CLEVELAND, OH.- Like many awards shows during the pandemic, the Rock & Roll Hall of Fame hosted a virtual induction ceremony in 2020. On Saturday night at the Rocket Mortgage FieldHouse in Cleveland, where the organization’s museum is based, the event returned with a powerful lineup to laud its 36th annual class: a former U.S. president, Taylor Swift and a Beatle.

A video introduction for Jay-Z that flaunted the New York City rapper’s wide reach opened with a tribute from Barack Obama. “I’ve turned to Jay-Z’s words at different points in my life, whether I was brushing dirt off my shoulder on the campaign trail or sampling his lyrics on the Edmund Pettus Bridge on the 50th anniversary of the Selma march to Montgomery,” said Obama, who spoke in the package alongside Beyoncé, Chris Rock and LeBron James.

Comedian Dave Chappelle, who delivered Jay-Z’s formal induction in the arena, opened with “I would like to apologize …” — an apparent reference to the controversy surrounding his recent Netflix special, “The Closer” — before sticking to the subject at hand: Jay-Z’s eternal sense of calm and how he has stayed true to his community through the decades.

“When he said this is Jay every day. When he told us he’d never change. You heard this, and you probably said as a white person, ‘Well, maybe this guy should focus on his development,’” Chappelle said. “But what we heard is that he’ll never forget us. He will always remember us. And we are his point of reference. That he is going to show us how far we can go if we just get hold of the opportunity.”

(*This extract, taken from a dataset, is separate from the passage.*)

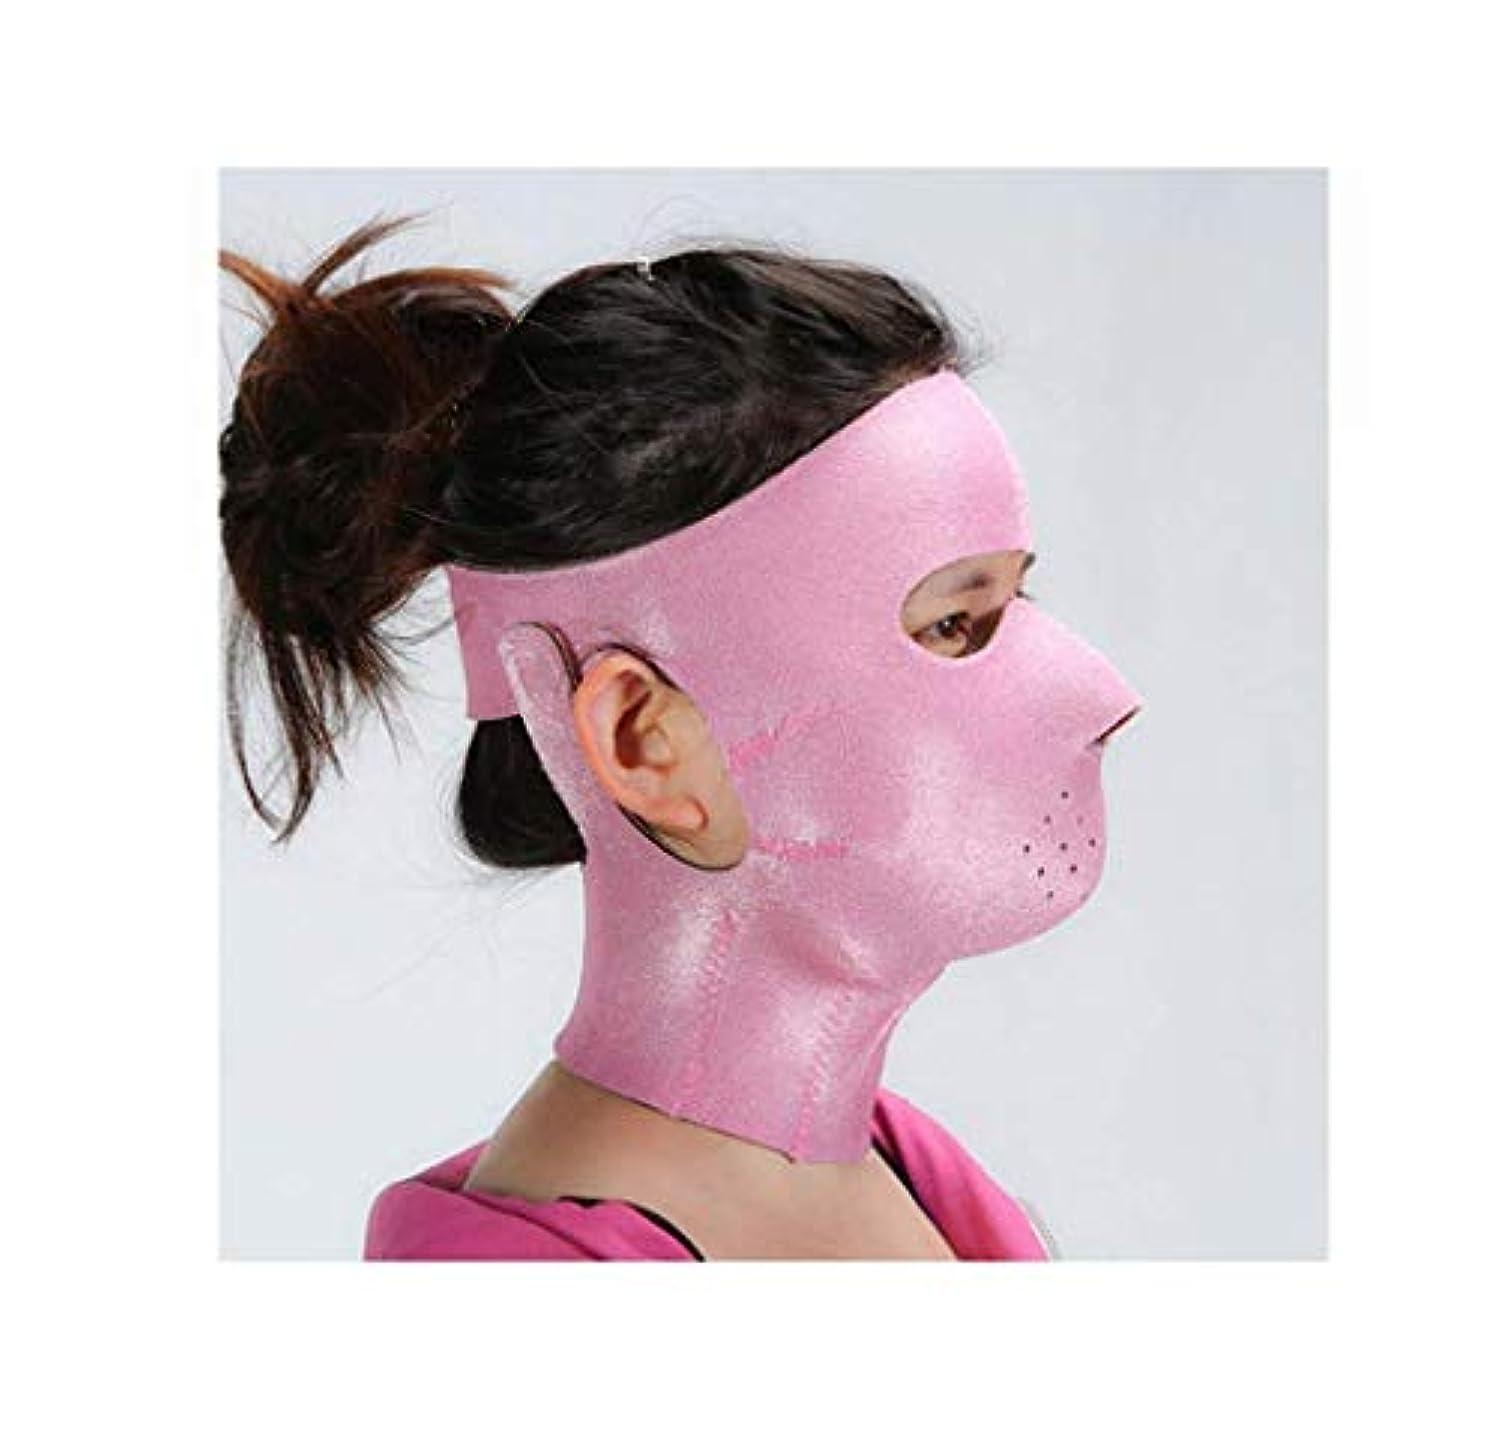 テキスト抑止するアミューズフェイスリフトマスク、フェイシャルマスクプラス薄いフェイスマスクタイトなたるみの薄いフェイスマスクフェイシャル薄いフェイスマスクアーティファクトビューティーネックストラップ付き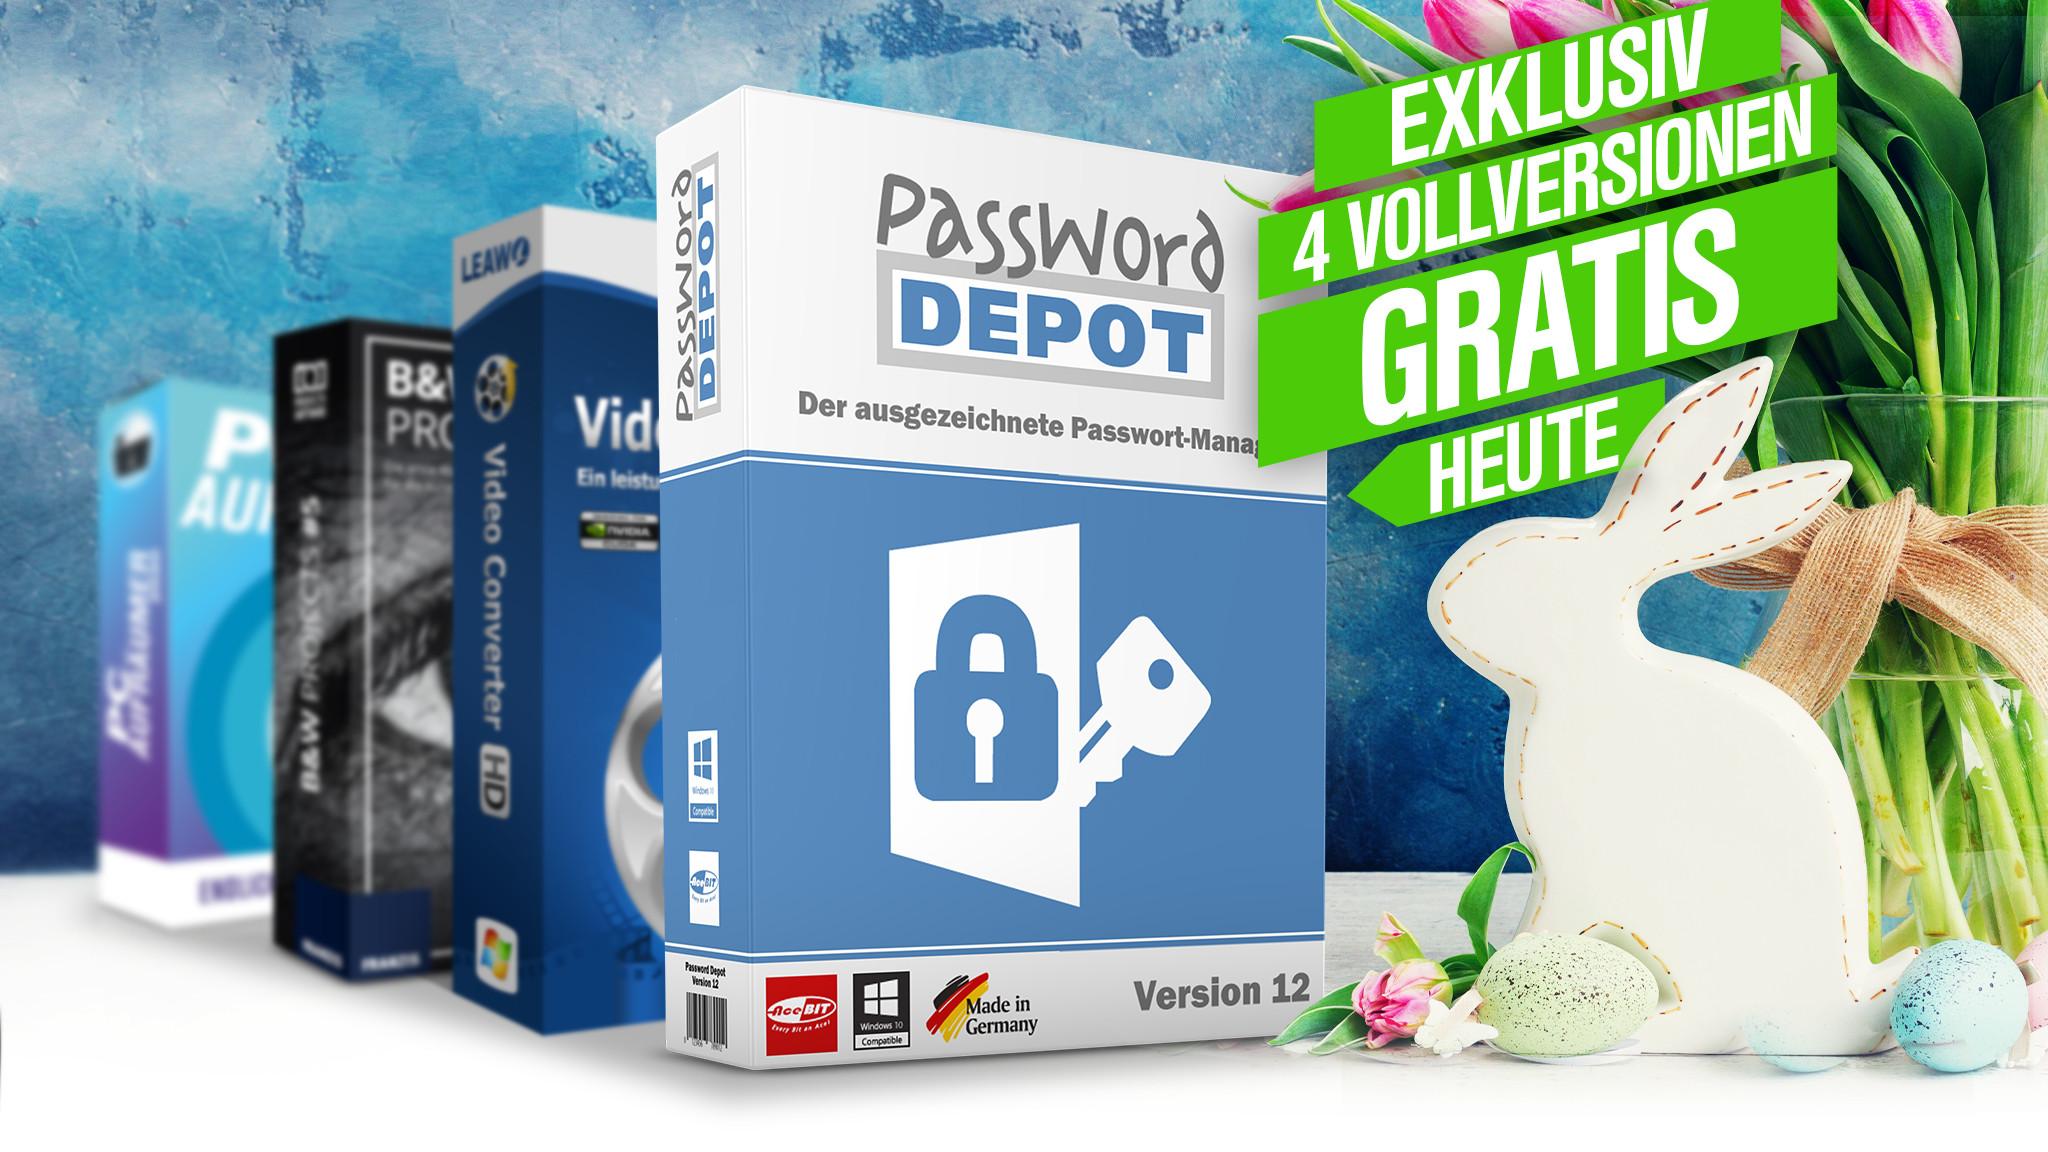 Exklusive Vollversion: Log-in-Daten sicher verwalten mit Password Depot 12©iStock.com/neirfy

A tuxedo-clad Jay-Z, who did not perform, followed with a charming, sometimes meandering 10-minute speech in which he referred to the mentors and peers who guided him: LL Cool J (who received a musical excellence award Saturday after he wasn’t voted in on his sixth nomination), KRS-One, Rakim and Chuck D, among others. “Growing up, we didn’t think we could be inducted into the Rock & Roll Hall of Fame,” Jay-Z said. “We were told that hip-hop was a fad. Much like punk rock, it gave us this anti-culture, this subgenre, and there were heroes in it.” Hopefully, he added at the end of his remarks, he is showing the “next generation that anything is possible.”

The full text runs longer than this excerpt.